## DATA SEGMENT
+--
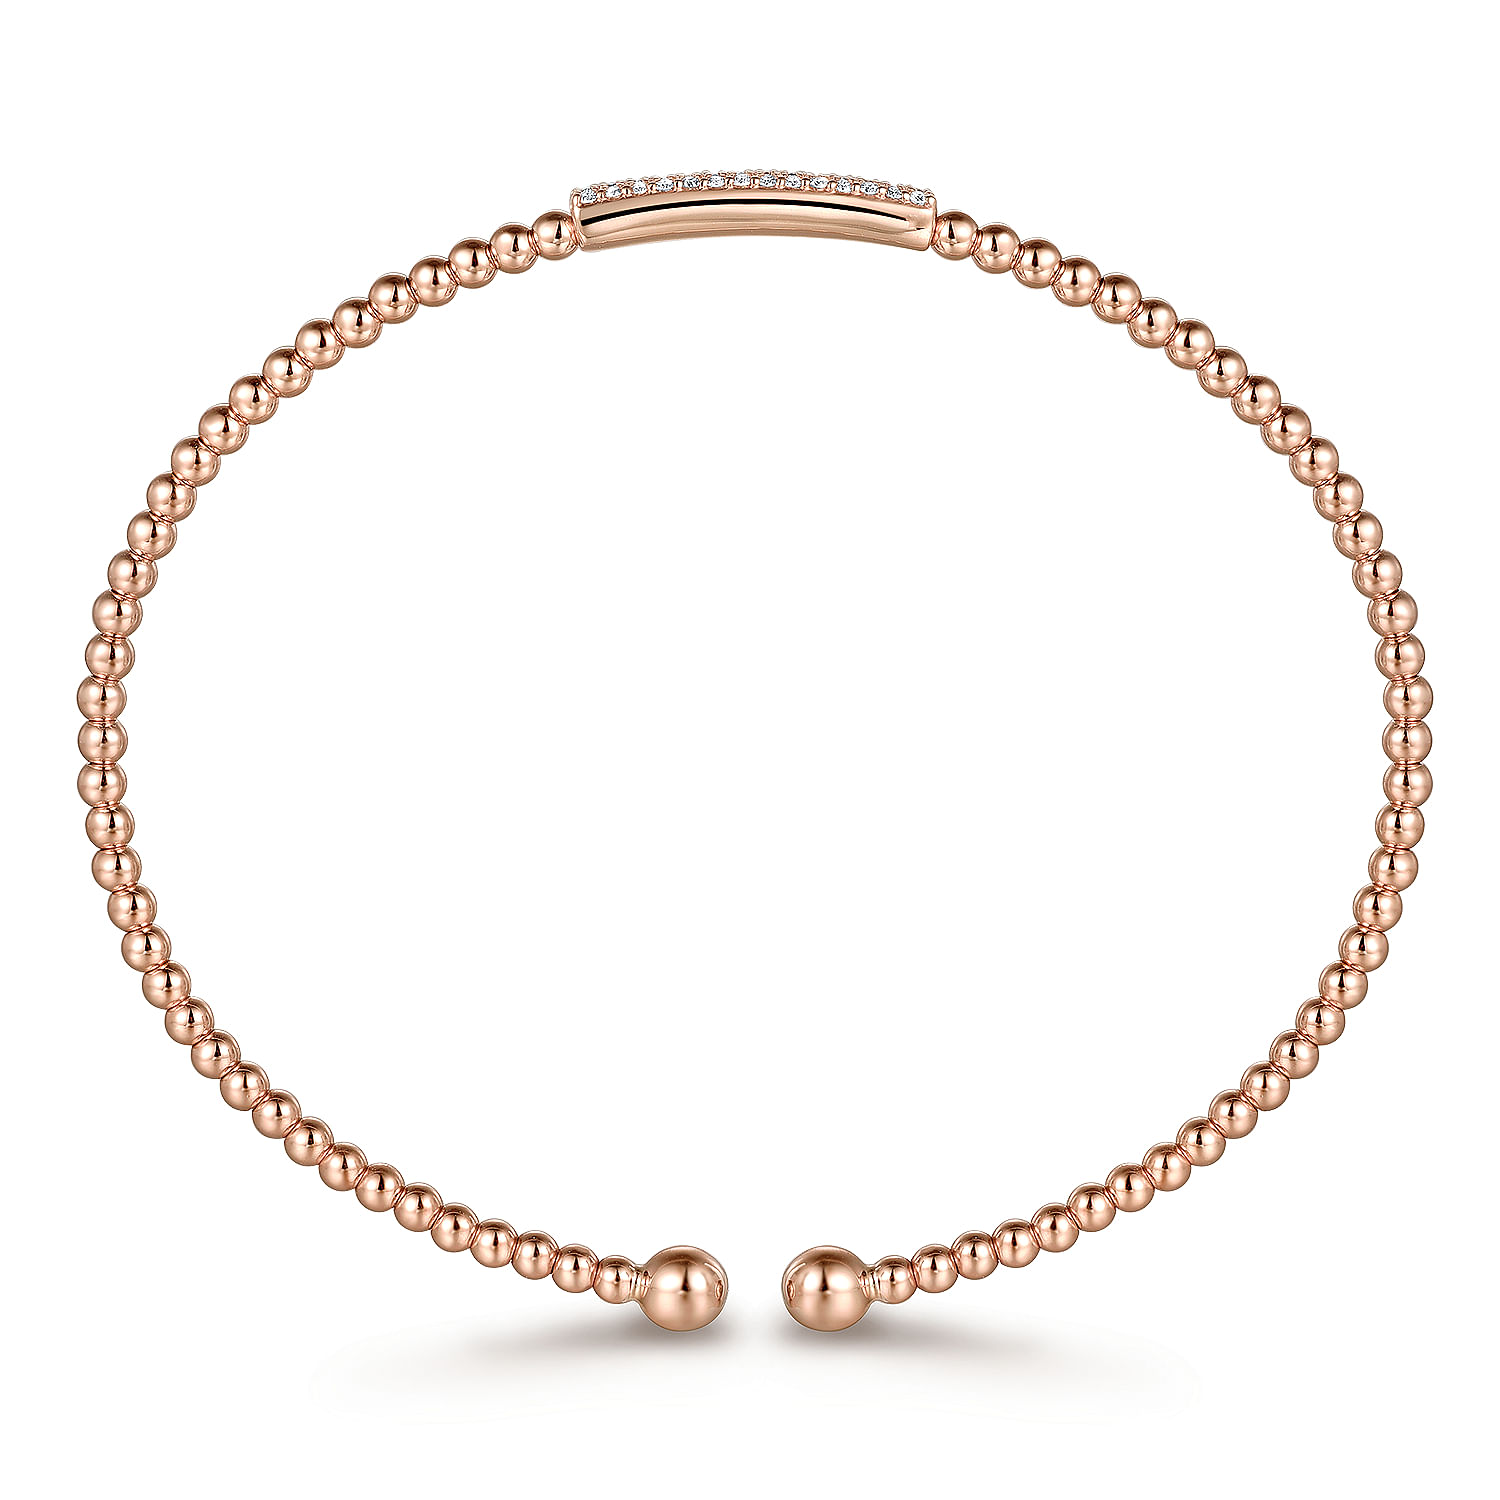 14K Rose Gold Bujukan Cuff Bracelet with Diamonds in size 6.25
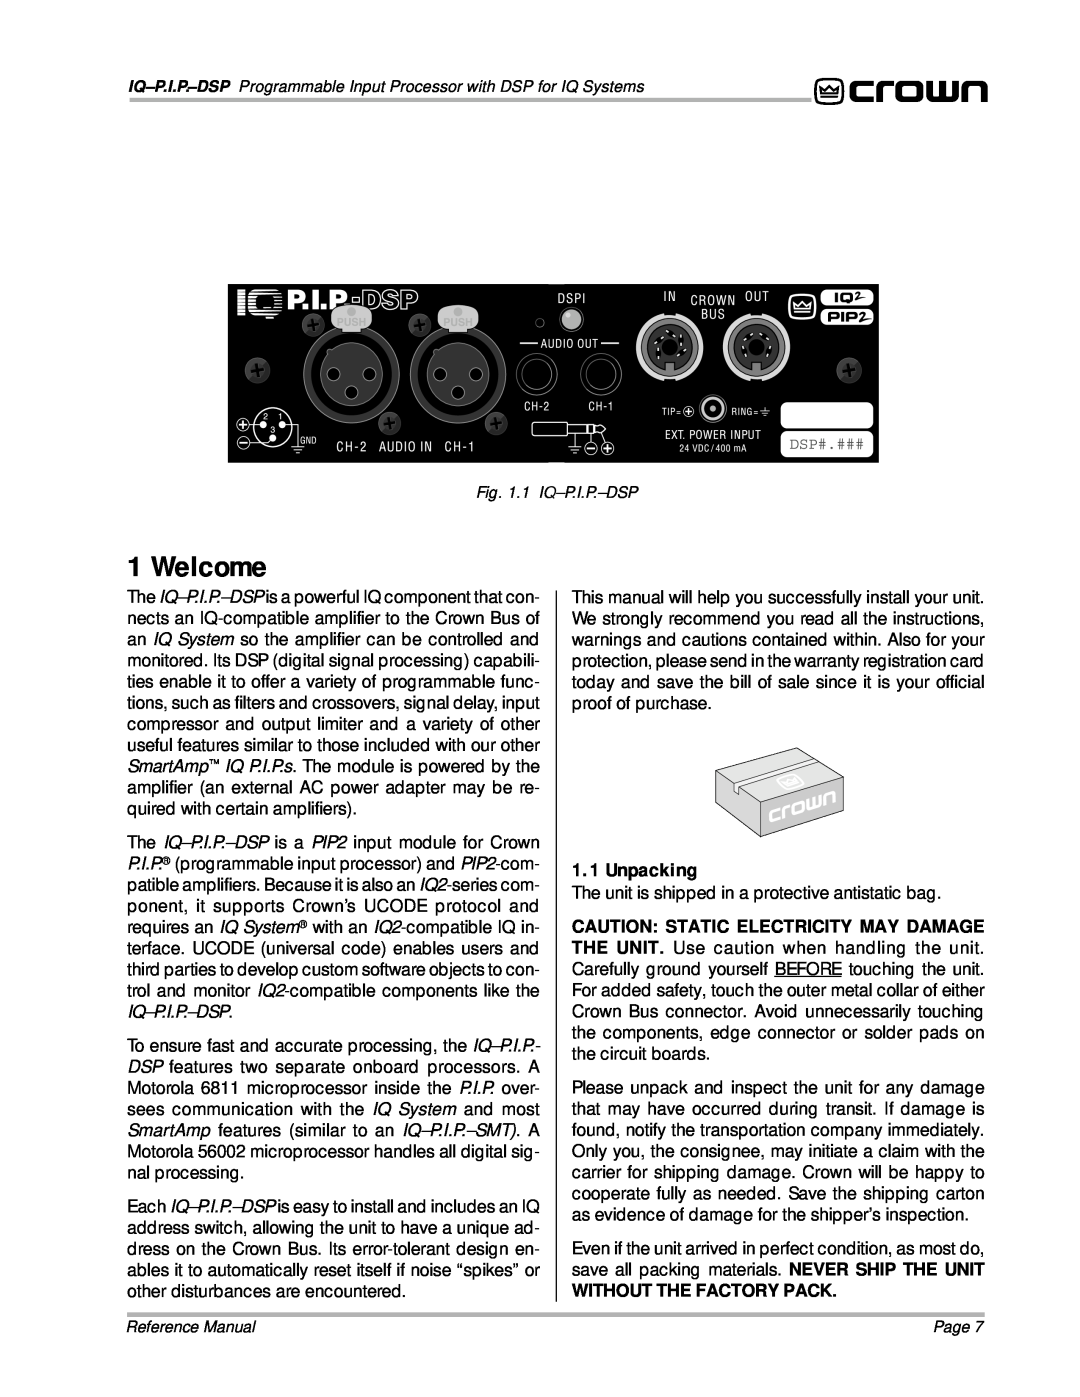 Crown Audio IQ P.I.P.-DSP manual Welcome, Unpacking 
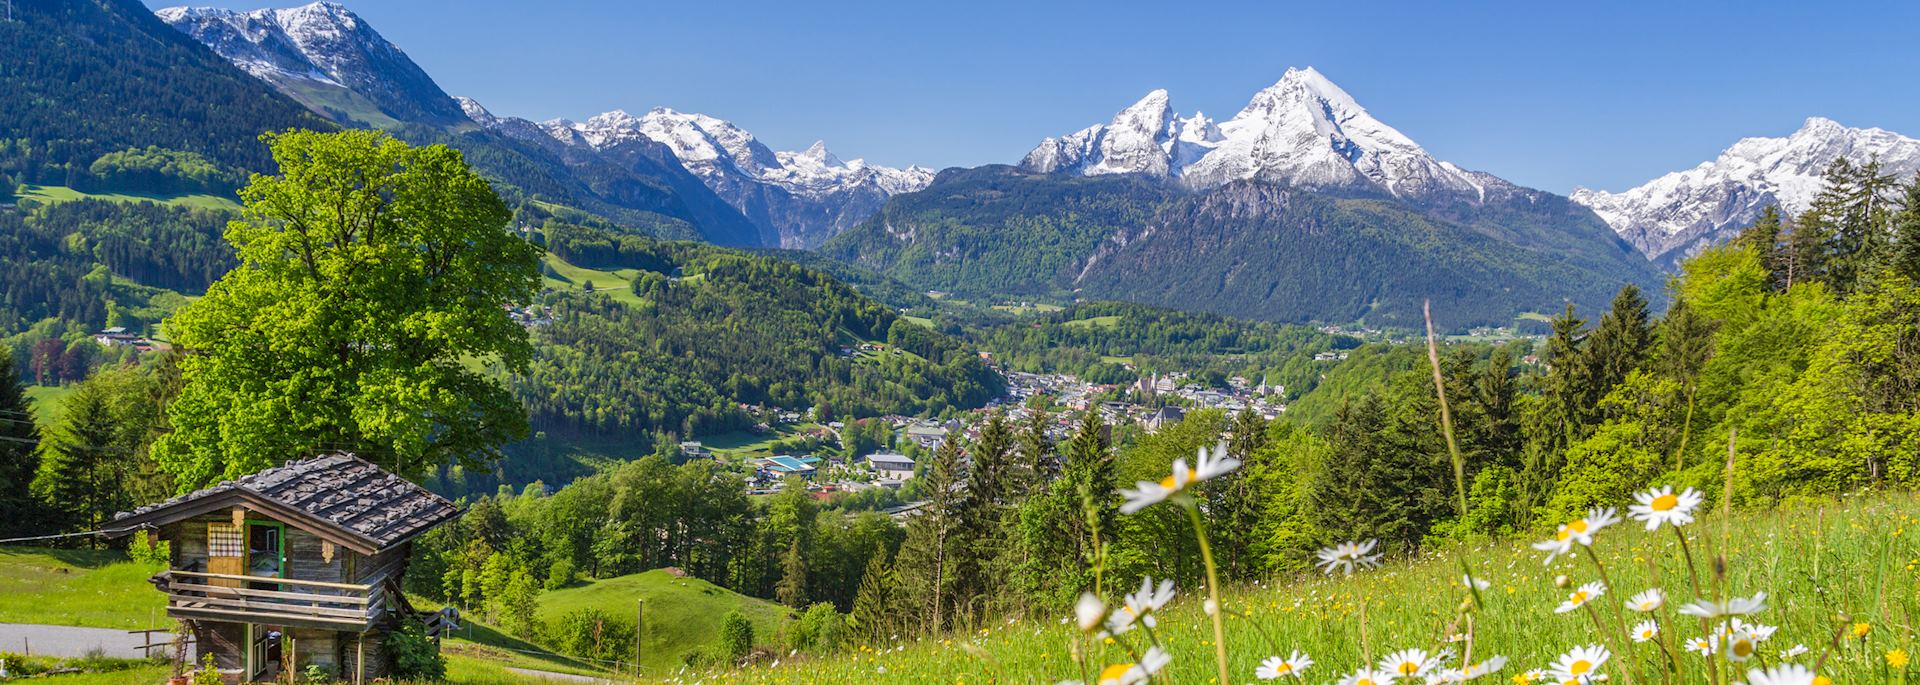 Scenery in the Austrian Alps
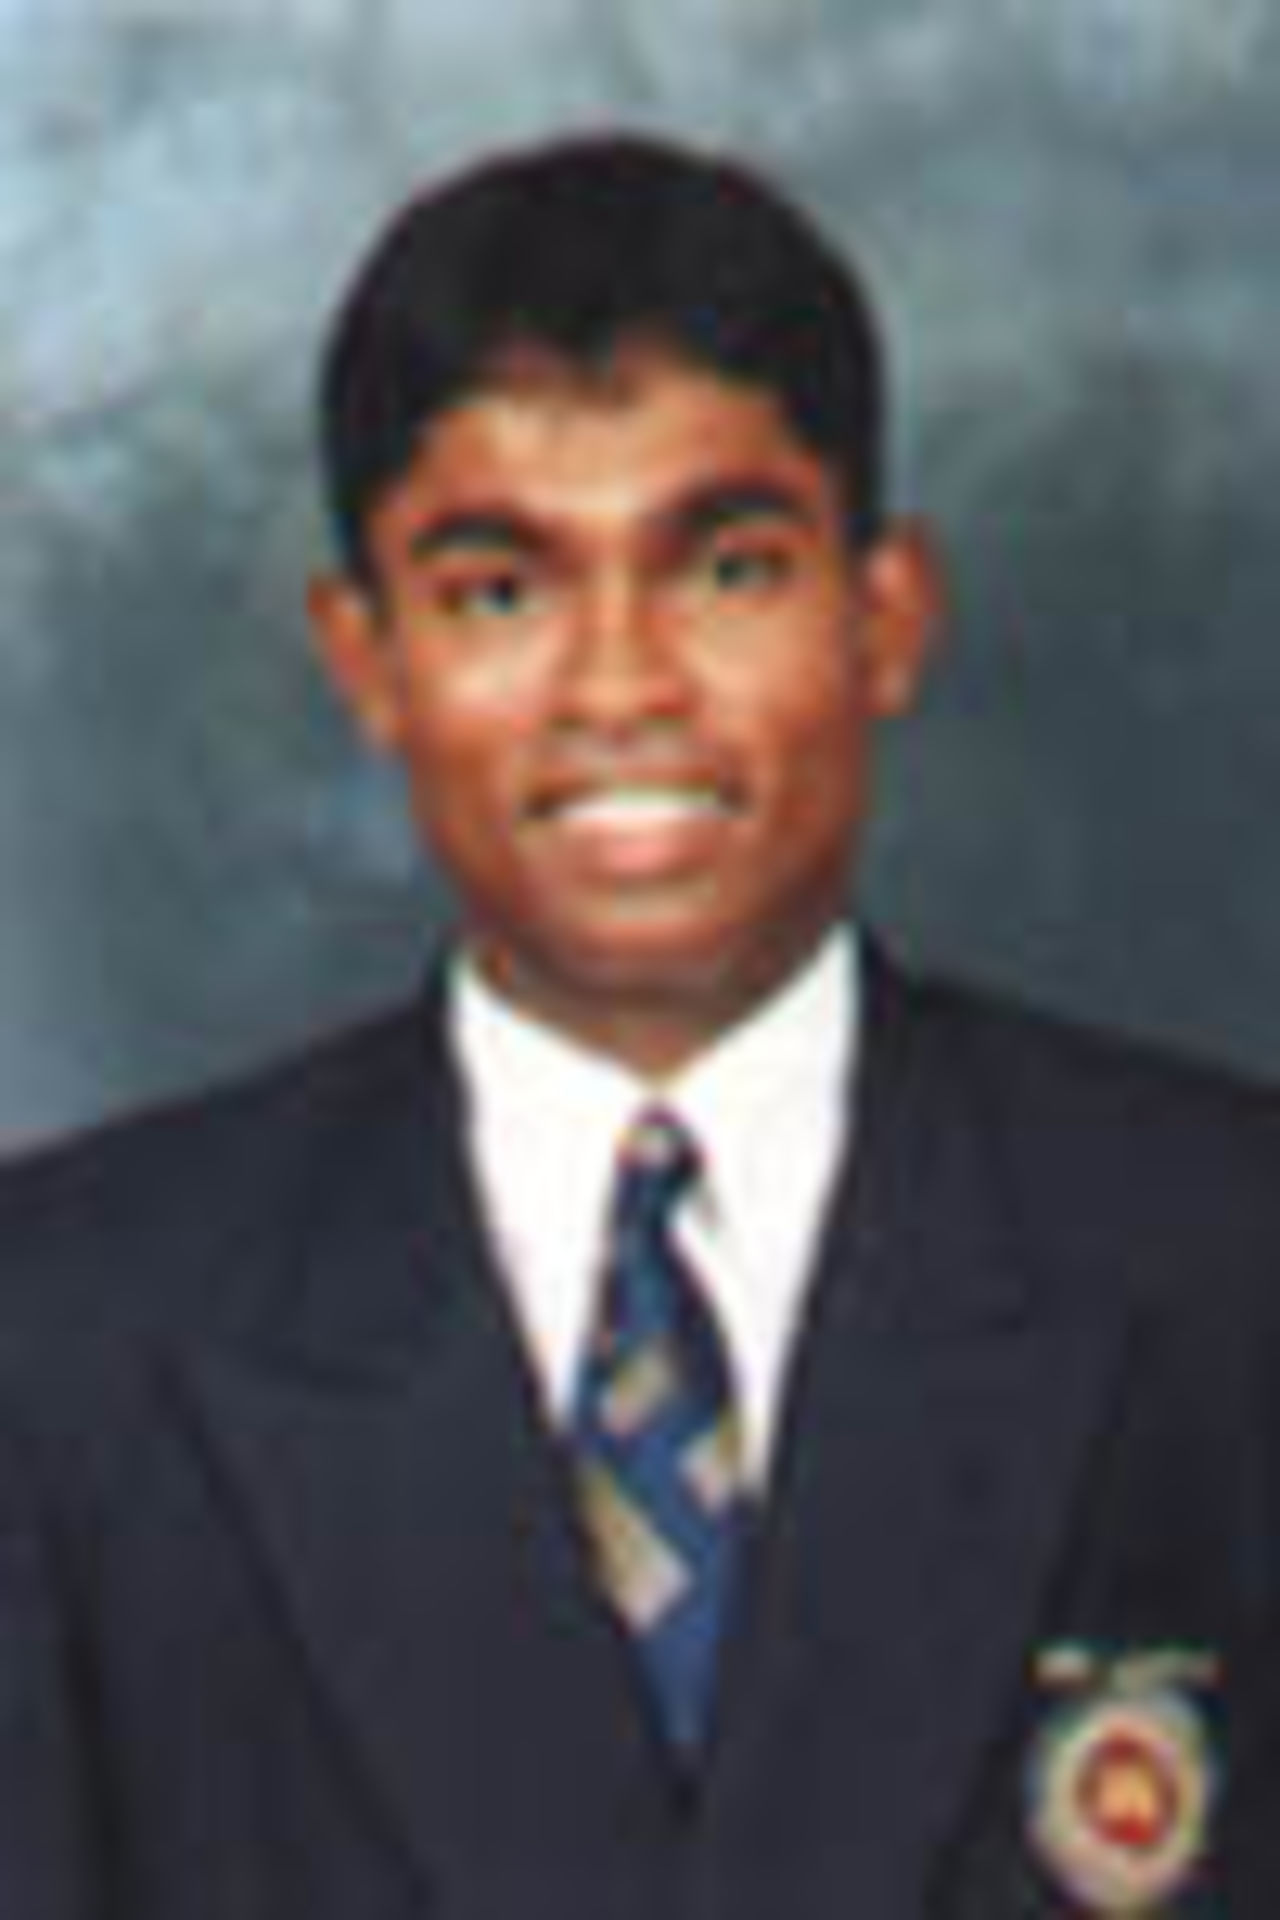 Portrait of Romesh Kaluwitharana, 2001
+--
## ACTION ITEM
Write the listing above out again exactly, but not the images it holds.

## ANSWER SECTION
 14K Rose Gold Bujukan Cuff Bracelet with Diamonds in size 6.25
 Crown Audio IQ P.I.P.-DSP manual Welcome, Unpacking 
 Scenery in the Austrian Alps
 Portrait of Romesh Kaluwitharana, 2001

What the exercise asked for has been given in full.